Mi padre habría querido que a partir de entonces su amigo
viviese con él. Pero Nubar prefirió alquilar en la vecindad una casa
mucho más modesta, que le servía también de taller. El gobernador
le había nombrado fotógrafo oficial y, en algunos meses, su
comercio floreció. Igual que ese trigo de alta montaña que se
apresura a crecer porque sabe que la primavera será breve.

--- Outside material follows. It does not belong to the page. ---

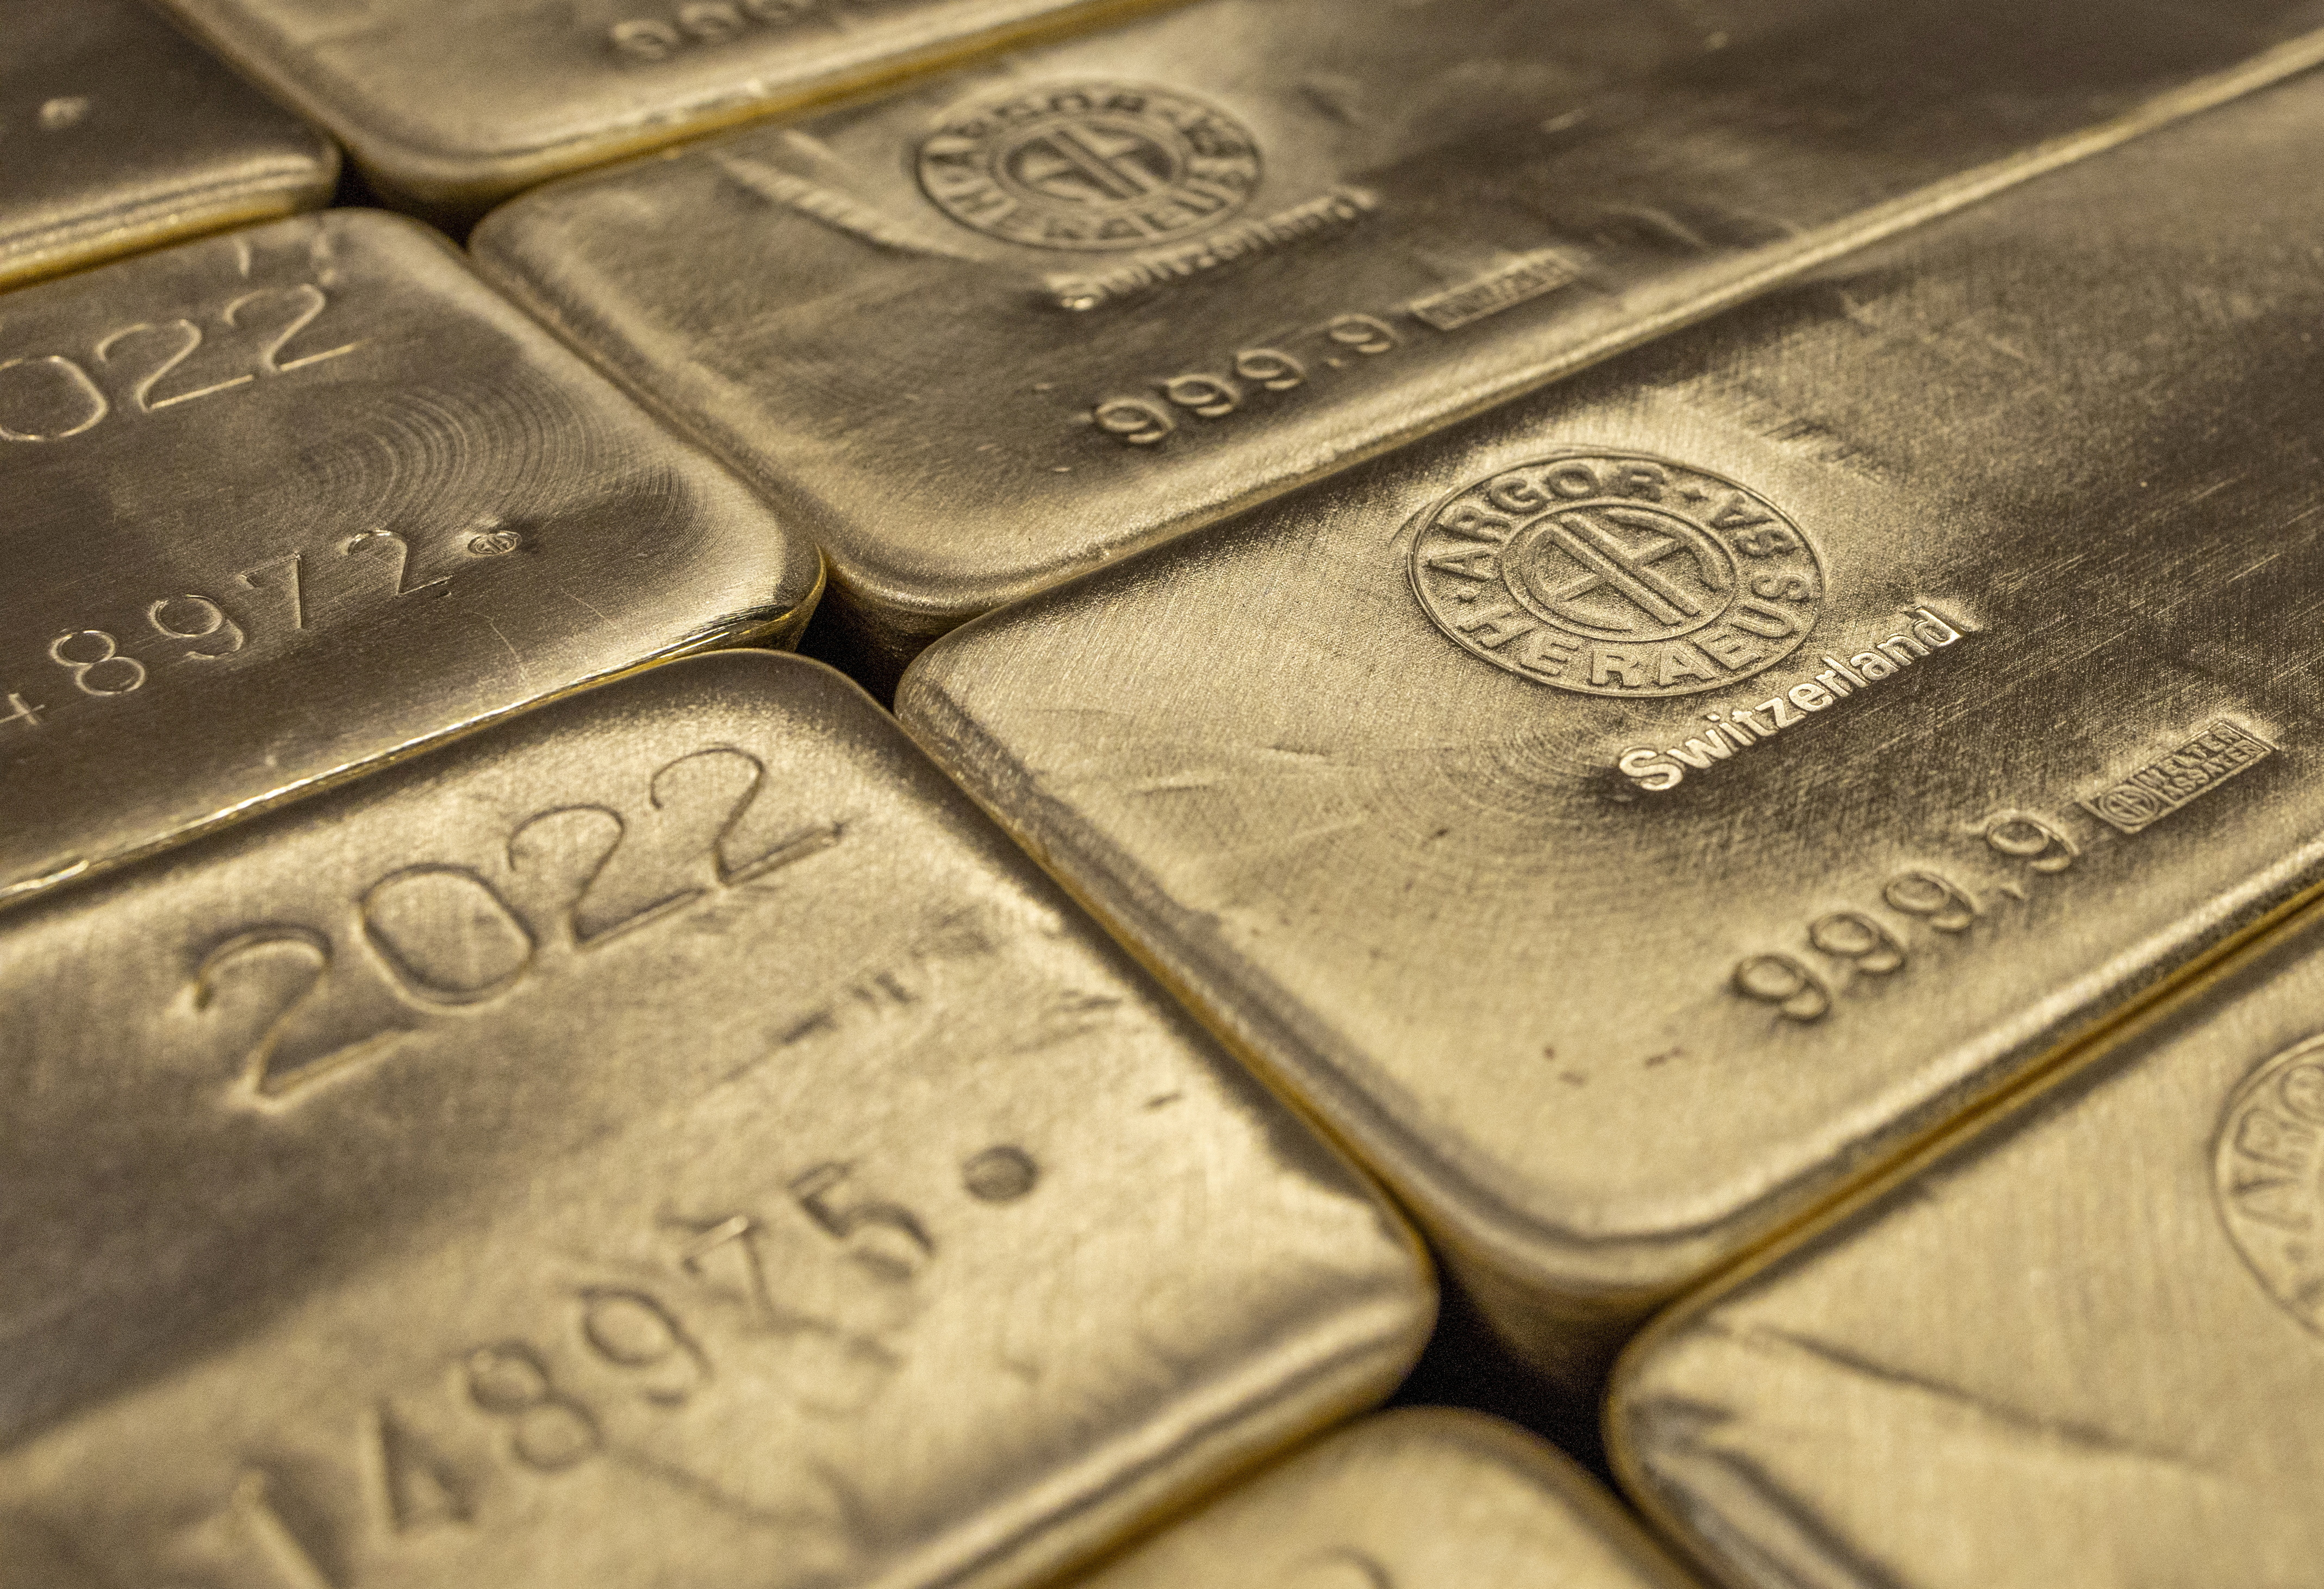 ทองคำซื้อขายในกรอบแคบ ตลาดรอสัญญาณใหม่

Aquel verano comenzó la guerra del catorce. Para los que la
conocieron, será siempre la Gran Guerra. En nuestra zona, a pesar
de todo, no hubo ni trincheras, ni sangrías, ni iperita. Se sufriría
menos por los combates que a causa del hambre y las epidemias. Y
luego, por la emigración, que despoblaría las aldeas. En toda la
montaña, a partir de entonces y durante mucho tiempo, hubo
innumerables casas sin humo.
Durante aquella época, en Adana, como en toda Anatolia,
comenzaron las matanzas. La tierra de Levante vivía sus momentos
más viles. Nuestro Imperio agonizaba, sumido en la vergüenza; de
entre sus ruinas, surgía una multitud de abortos de país; cada uno
rogaba a su dios que hiciese callar las plegarias de los otros. Y, por
los caminos, comenzaron a extenderse los primeros cortejos de
supervivientes.
Era la hora de la muerte. Sin embargo, mi madre estaba
embarazada. No de mí, no; todavía no. Embarazada de mi hermana
mayor. Yo nací después de la guerra, en el diecinueve.
En mi reloj, son las doce y tres minutos. Cada vez que levanto
los gemelos para mirar por el ventanal, la joven pareja de la mesa
vecina intercambia cuchicheos de disgusto. No sé lo que se
imaginan. Lo que hago no les atañe, pero se sienten incómodos. Allí
abajo, mi hombre se agita. En todo caso, esa es la impresión que
me da desde lejos; ha girado dos o tres veces sobre sí mismo,
acaba de asomarse al río, por el que pasa una gabarra. En el
puente, unos turistas hacen señales, quizá en su dirección. No
responde; se da la vuelta. Ya no le veo el rostro. Sus hombros
parecen hundidos.
Dejo sobre la mesa el importe de mi café y me voy. Echo a andar
deprisa. Quizá no se sienta contento de volver a verme, quizá deje a
un lado su cortesía para decirme que no me meta en su existencia…
No importa, hasta nueva orden yo soy en esta ciudad su único
amigo, o al menos la única persona a la que su suerte no deja
indiferente.
Mientras cruzo por el puente au Change, echó una mirada al
hombre, que sigue inmóvil, y otra a mi reloj. Las doce y nueve.
Aprieto el paso.
Cuando llego a la mitad del puente, me inmovilizo. Contengo el
aliento. Ante él, hay una mujer. Menuda, con el cabello gris y una
ropa severa, pero de rostro riente y los ojos ya cerrados. Él, siempre
con la cabeza baja y la espalda apoyada en el friso, no la ha visto.
Ella se acerca. Murmura unas palabras, supongo, porque Ossyane
levanta la cabeza. Sus brazos se elevan también, lentamente, como
las alas de un ave que no vuela desde hace mucho.
Ahora están uno junto a la otra, abrazados. Mueven la cabeza de
la misma manera, al unísono, como para avergonzar al destino que
los separara.
Se abrazan con rabia. Creo que aún no se han dicho casi nada,
que lloran. Siento temblar mis propios labios.